Въ январѣ 1846 года, незадолго до того времени, какъ въ Галиціи вспыхнуло возстаніе, Ѳедоръ окончилъ срокъ службы и вернулся въ свою деревню. Человѣкъ неглупый, рѣшительный, къ тому же побывавшій въ военной службѣ, онъ сталъ пользоваться среди крестьянъ извѣстнымъ вліяніемъ. Помѣщикъ съ женой перестали его преслѣдовать и, повидимому, вовсе о немъ забыли; но Ѳедоръ помнилъ прежнее и избѣгалъ проходить мимо обѣльницкаго замка.
Между тѣмъ, въ народѣ все усиливалось какое-то глухое броженіе — предвѣстникъ скоро разразившагося возстанія. Появились неизвѣстные люди, подпаивавшіе крестьянъ и громко толковавшіе о свободѣ, общности имуществъ и о готовящихся важныхъ событіяхъ; всюду разсыпались и разбрасывались прокламаціи, то «Правда польскому народу», то «Всѣмъ грамотнымъ полякамъ»; было извѣстно о нѣсколькихъ случаяхъ грубаго неповиновенія властямъ. Крестьяне, однако, туго поддавались новому движенію: они, не отказываясь, пили водку на-счетъ таинственныхъ ораторовъ, охотно разбирали прокламаціи, изъ которыхъ тутъ же свертывали самодѣльныя трубочки для своего тютюна, но далѣе этого сочувствіе ихъ къ возстанію и руководившимъ имъ панамъ почти и не шло.
Въ замкѣ тоже происходило какое-то странное, плохо скрываемое движеніе, за которымъ Ѳедоръ слѣдилъ съ большимъ вниманіемъ. Кончилось тѣмъ, что онъ явился въ Лемберѣ, къ начальнику округа, и передалъ ему, что въ Обѣлѣницу то и дѣло пріѣзжаютъ какіе-то подозрительные люди, что въ замокъ по ночамъ провозится оружіе и что дворовыми женщинами приготовлено уже большое количество патроновъ.
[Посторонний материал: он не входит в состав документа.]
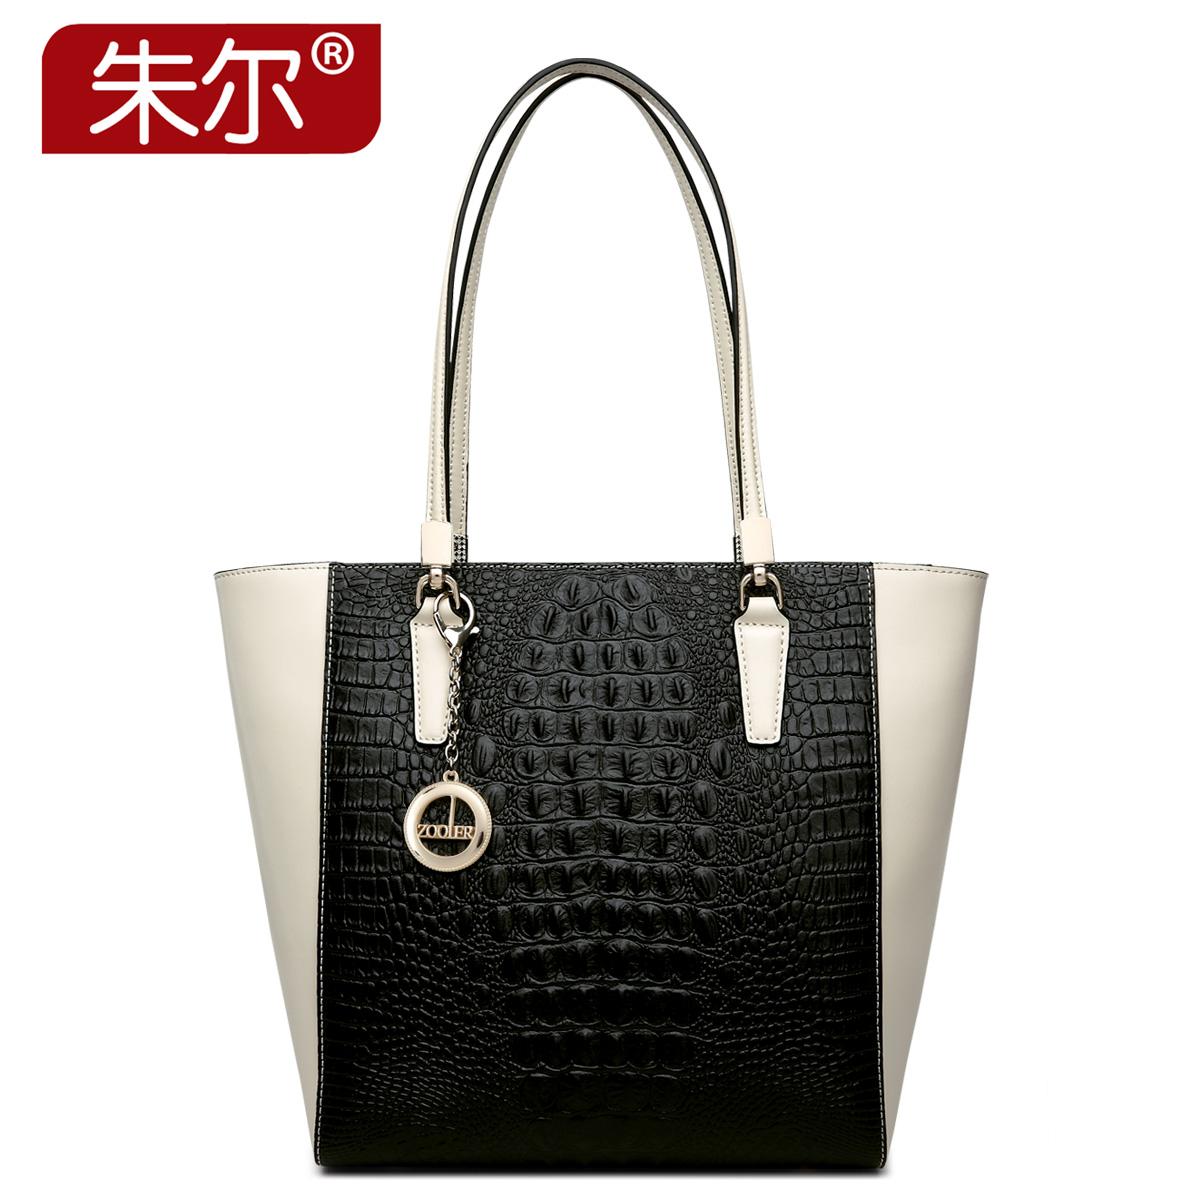 2015 women's one shoulder handbag fashion cowhide women's bags the trend of casual bag female shopping bag

Начальникъ внимательно выслушалъ Ѳедора, поблагодарилъ его за преданность правительству, и обѣщалъ принять мѣры къ предупрежденію готовящагося бунта. Однако, прежде чѣмъ онъ успѣлъ что либо сдѣлать, возстаніе уже вспыхнуло. 18 февраля, уже въ вечеру, въ замокъ прискакалъ какой-то всадникъ и вслѣдъ за тѣмъ Бардіу, вооруживъ всю дворню, вывелъ ее на село, къ корчмѣ. Здѣсь онъ произнесъ собравшимся крестъянамъ горячую рѣчь, приглашая ихъ присоединиться къ возстанію и обѣщая за то освобожденіе отъ барщины, удешевленіе соли и табаку и прирѣзку земли на каждое тягло. Крестьяне недоумѣло переглядывались: рѣчь эта ихъ соблазняла, но они не совсѣмъ-то ей довѣряли.
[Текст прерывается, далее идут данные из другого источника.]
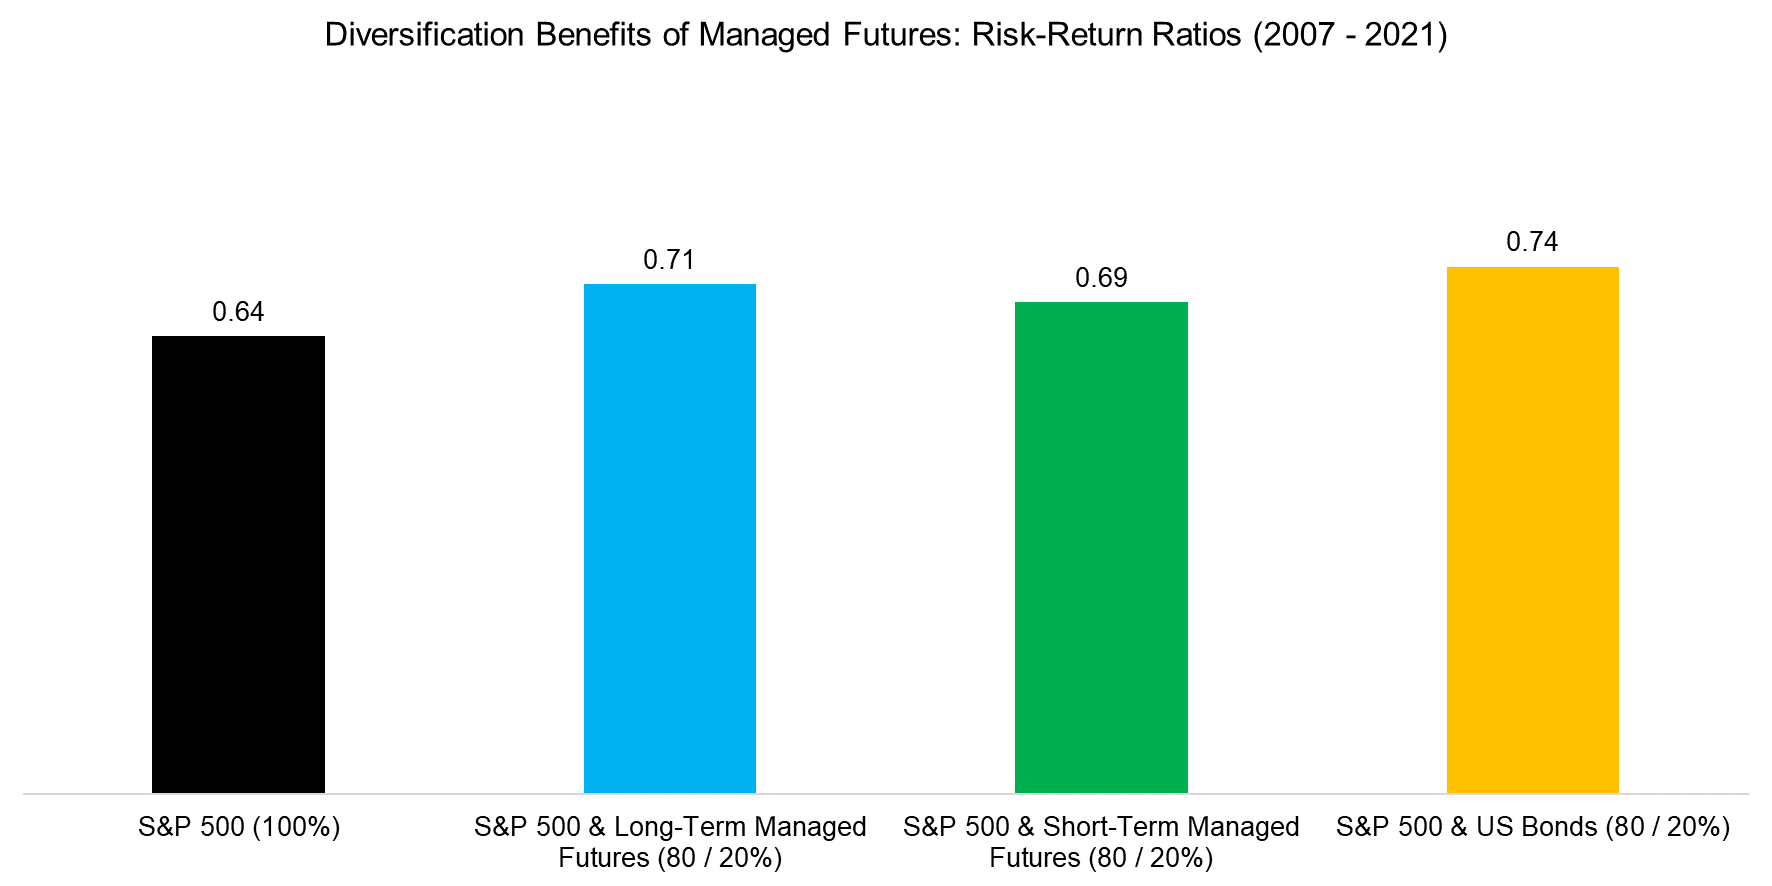 Diversification Benefits of Managed Futures Risk-Return Ratios (2007 - 2021)

— Не слушайте его, братцы! раздался изъ толпы мужественный голосъ Ѳедора. Мы не поляки, чтобы измѣнять императору. Кто жъ и угнеталъ насъ, какъ не наши паны? Они насъ и за людей не считали, обращались хуже, чѣмъ съ собаками.
— Молчи! крикнулъ ему съ угрозой помѣщикъ, наведя на него пистолетъ.
— Довольно вамъ молчать, — на такое дѣло вы насъ не подобьете!…..
Выстрѣлъ раздался, и Ѳедоръ съ глухимъ стономъ упалъ лицомъ въ снѣгъ.
Эта жестокость окончательно возмутила крестьянъ: они единодушною толпой набросились на бунтовщиковъ, и тѣ погибли подъ ихъ ударами вмѣстѣ съ помѣщикомъ, кромѣ немногихъ, умолившихъ о пощадѣ и тутъ же обезоруженныхъ и перевязанныхъ.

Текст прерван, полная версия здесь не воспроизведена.